Principais queixas incluem ações assistenciais ruins e falta de reserva financeira por parte da própria operadora
por Paula Laboissière publicado , última modificação 21/08/2009 13h11
Principais queixas incluem ações assistenciais ruins e falta de reserva financeira por parte da própria operadora

Brasília - Pesquisa divulgada pela Agência Nacional de Saúde Suplementar (ANS) indica que 23% do total de usuários de planos de saúde são atendidos por operadoras consideradas insatisfatórias.

De acordo com o presidente da ANS, Fausto Pereira dos Santos, as principais queixas incluem ações assistenciais ruins e falta de reserva financeira por parte da própria operadora.

Santos explicou que a questão econômica – não ter as reservas necessárias para a sua atuação – estão no topo da lista de reclamações dos usuários.

Isso porque o plano de saúde pode deparar com despesas não previstas, como um conjunto maior de usuários que necessitam de internação em Unidade de Terapia Intensiva (UTI) ou diagnosticados com câncer.

Outro problema trata do conjunto das ações assistenciais prestadas pela operadora e se elas estão gerando impactos positivos na saúde de quem é atendido pelo plano.

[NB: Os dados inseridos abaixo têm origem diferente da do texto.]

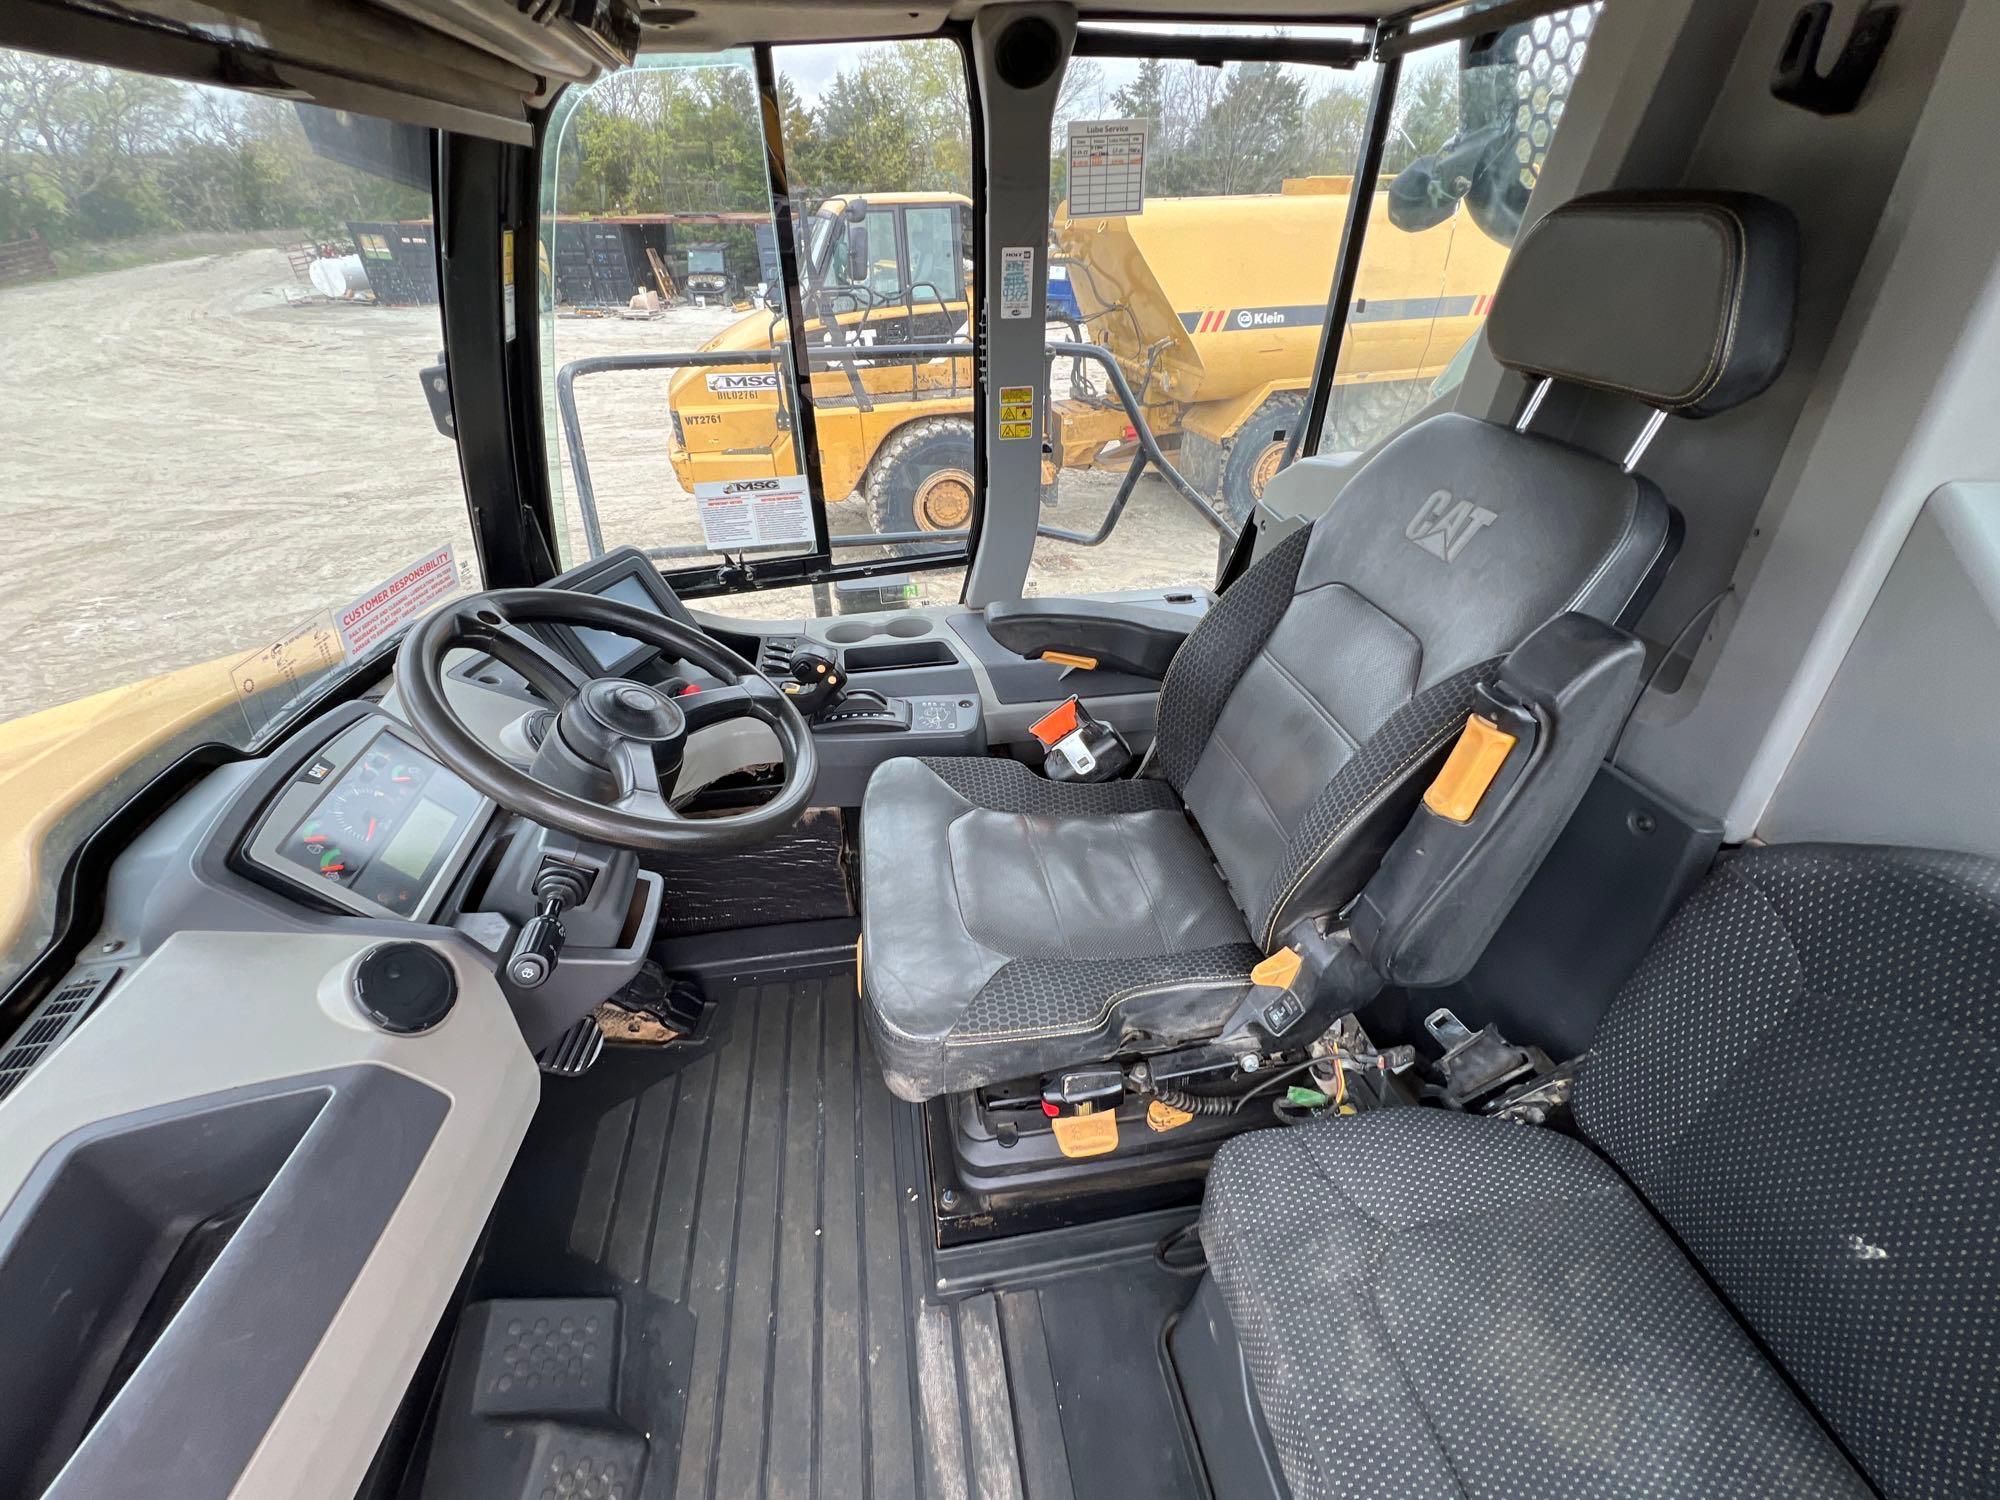 2019 CAT 745 ARTICULATED HAUL TRUCK SN:CAT00745A3T601514 6x6, powered by Cat C18 diesel engIne,

Como exemplo, Santos disse que, se um alto número de gestantes têm de fazer cesariana, isso pode ser um sinal de que a assistência durante o pré-natal não vem sendo prestada de forma satisfatória.

O presidente da ANS fez as declarações em entrevista após participar do programa "Brasil em Pauta", produzido pela Secretaria de Comunicação Social da Presidência da República em parceria com a EBC Serviços.